Some pictures that I took while we were having sun shining through a storm.


----------



## Susan Mulno (Apr 13, 2015)

That dog has the happiest face! Nice action shot of the horse.


----------



## just (Mar 3, 2015)

Susan Mulno said:


> That dog has the happiest face! Nice action shot of the horse.


The puppy is Chip. He's my kids puppy and just was barking at the horses, hence the happy look. The thunder interupted Sarge's dinner and set him off running. Ms. T was not bothered.


----------



## Mel_Robertson (Feb 23, 2016)

I love the first 3rd one he looks super imposed it must be the sun against the dark clouds


----------



## just (Mar 3, 2015)

The sunlight was producing an eerie affect.


----------



## just (Mar 3, 2015)

Chip's baby pictures


----------



## Susan Mulno (Apr 13, 2015)

What a cutie!

Have you heard anything about your doggie visitor that took off?


----------



## just (Mar 3, 2015)

No Buddy is still missing. Chip misses him too.


----------



## Susan Mulno (Apr 13, 2015)

That's too bad...:crying:


----------



## dickhutchings (Oct 6, 2015)

Am I the only one seeing upside down photos?


----------



## just (Mar 3, 2015)

Maybe you are the only one not opening the pictures individually. I don't know why they are upside down. I didn't load them that way.


----------



## dickhutchings (Oct 6, 2015)

Hmm.. I tried opening them individually and they're still upside down.


----------



## just (Mar 3, 2015)

dickhutchings said:


> Hmm.. I tried opening them individually and they're still upside down.

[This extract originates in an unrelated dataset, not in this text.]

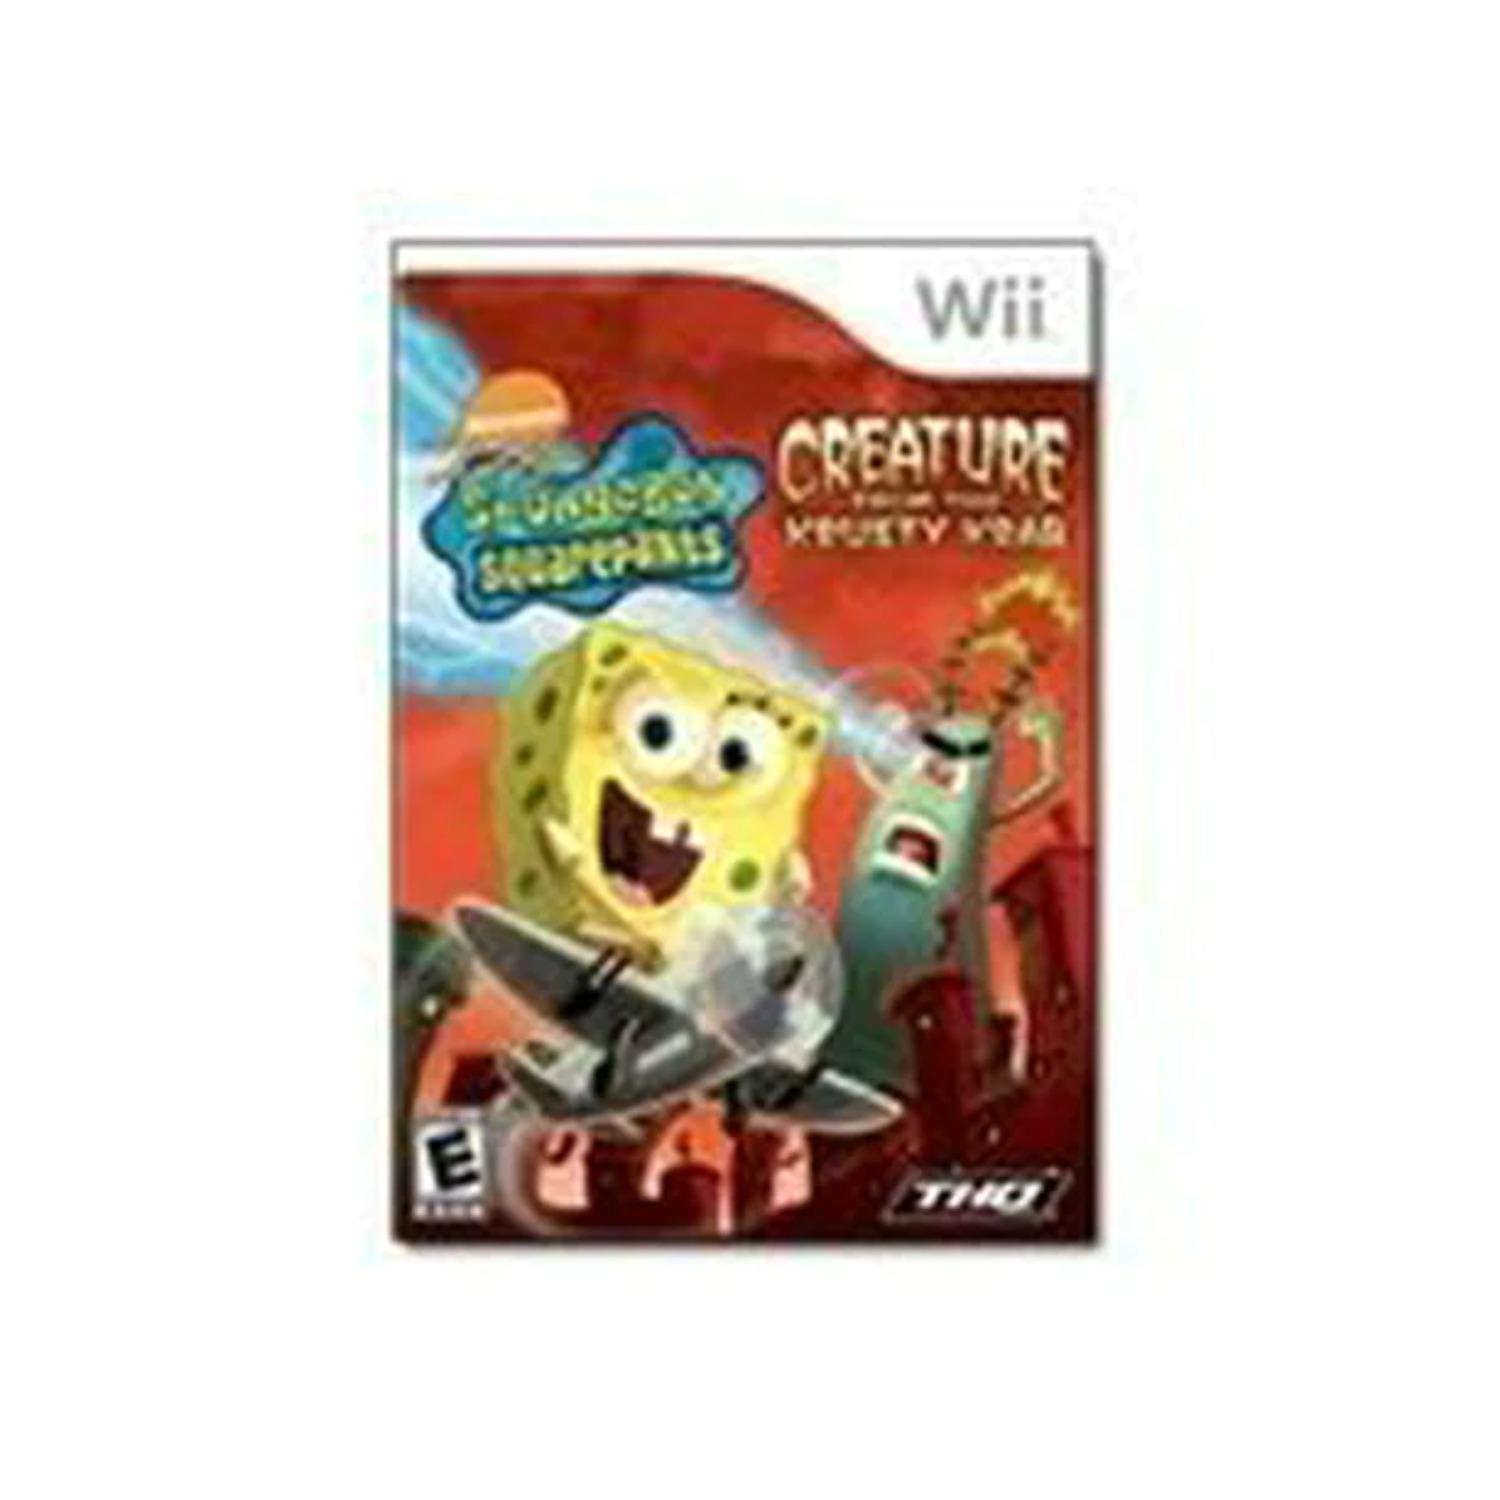 SpongeBob SquarePants: Creature from the Krusty Krab - Nintendo Wii - image 1 of 2
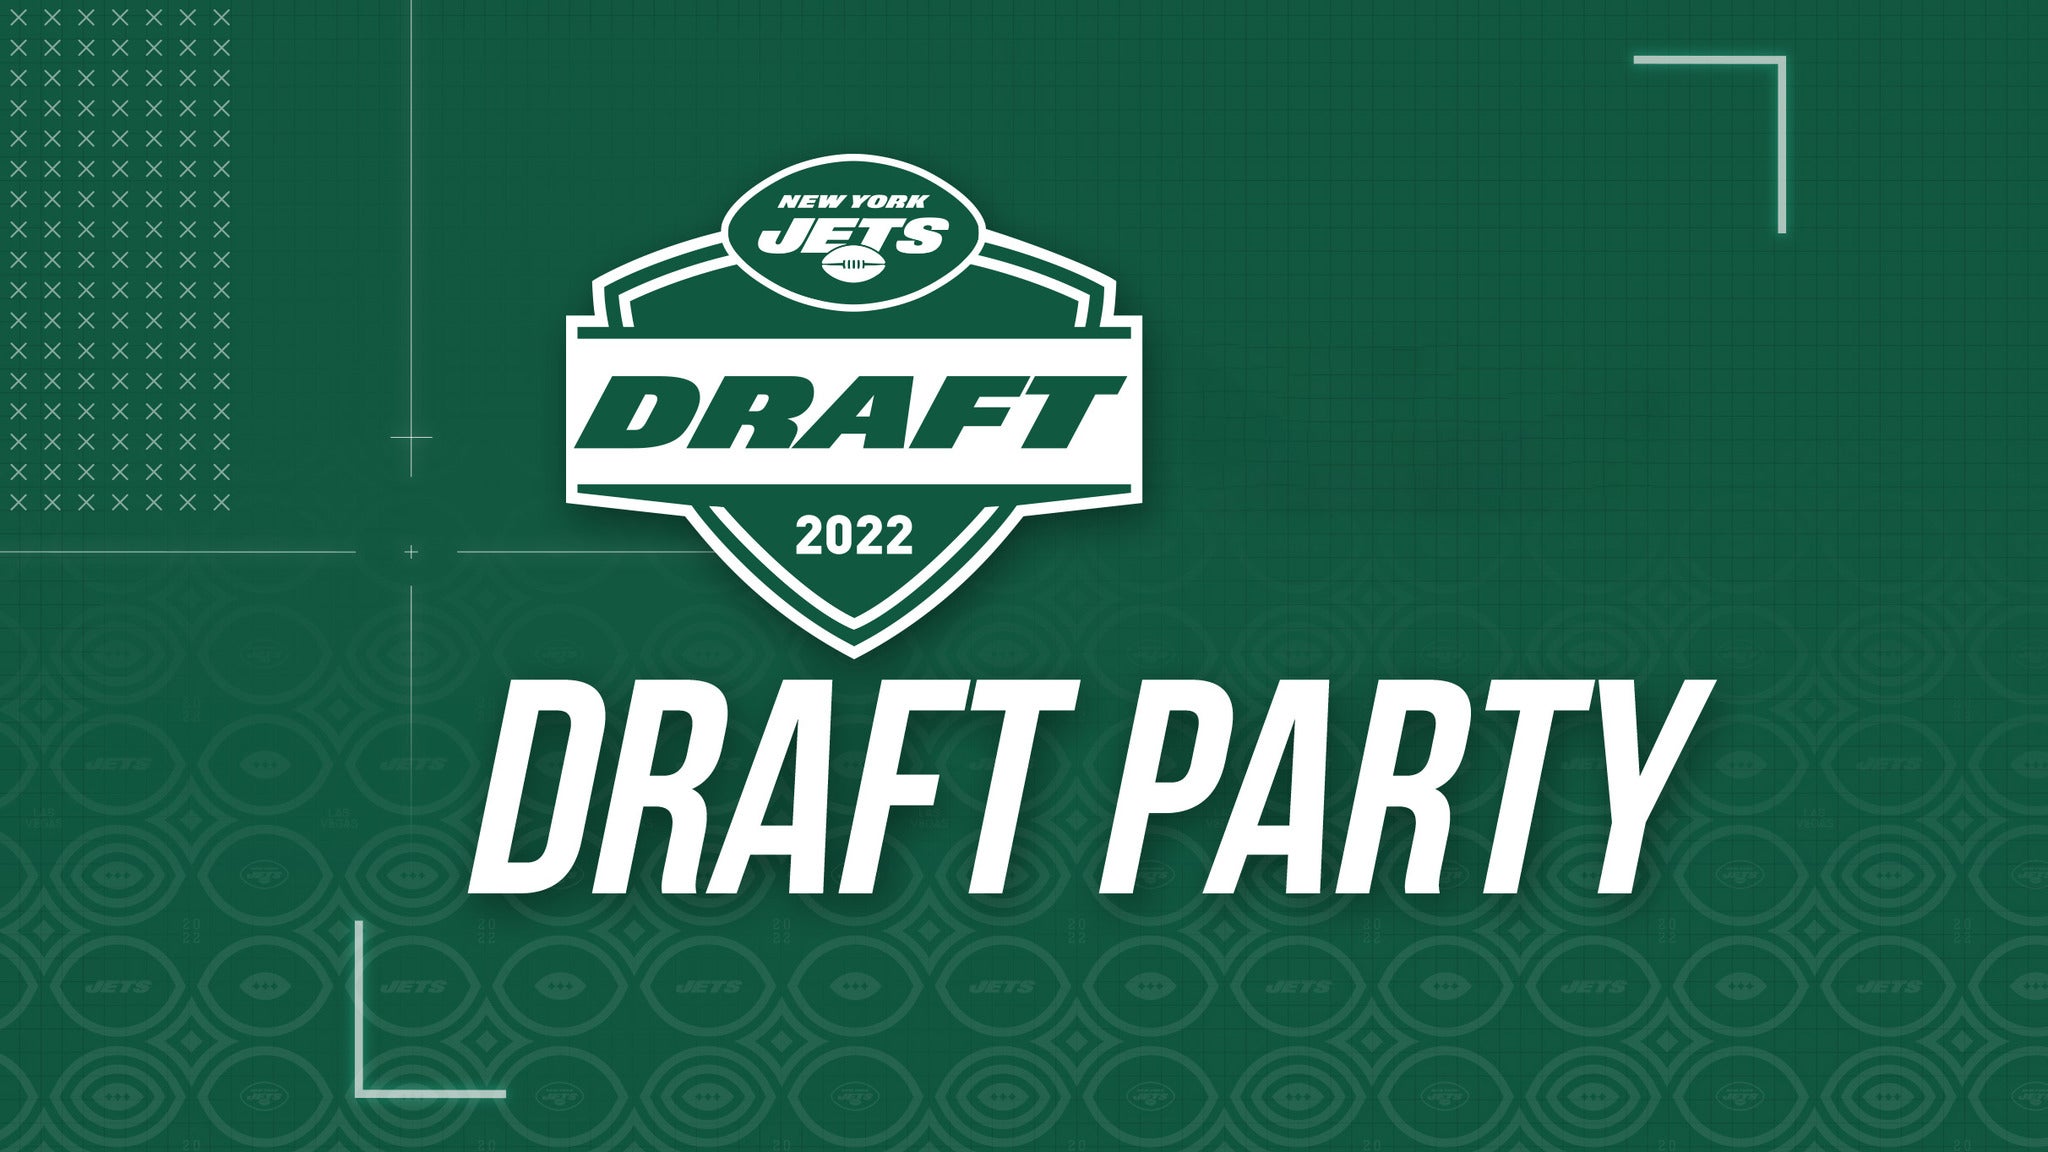 New York Jets Draft Party presale information on freepresalepasswords.com

 By opening I mean to hold the picture until the menu appears then click open.


----------



## dickhutchings (Oct 6, 2015)

That works Just. I don't get why they're upside down in the thread. Weird.


----------



## Susan Mulno (Apr 13, 2015)

It is weird but I have had it also invert photos on me.


----------



## TerryCurley (Jan 4, 2015)

Adorable Puppies. Perhaps Buddy went back to his previous home. I'm a big time dog lover. I have 5 in my house.


----------



## just (Mar 3, 2015)

A couple of selfies with chip. He's asleep in my lap and thesound wakes him up. Yes I am planning on playing Santa Claus this Christmas.


----------



## TerryCurley (Jan 4, 2015)

I hope you don't mind, I changed the pictures to be right side up. You are a lot younger than I thought Dave, and a good looking guy.


----------



## just (Mar 3, 2015)

I wish I knew how to flip the pictures. Thanks I am a very worn out 56.


----------



## TerryCurley (Jan 4, 2015)

Actually what is happening is the system is messing with your pictures when you load them because of there size. All I did was save the pictures on my computer, open them in MS Paint, and resized them to have the largest side 800 pixels and the other side adjusts it's. I saved them and reloaded them. I didn't flip them or anything.

You look younger than 56.


----------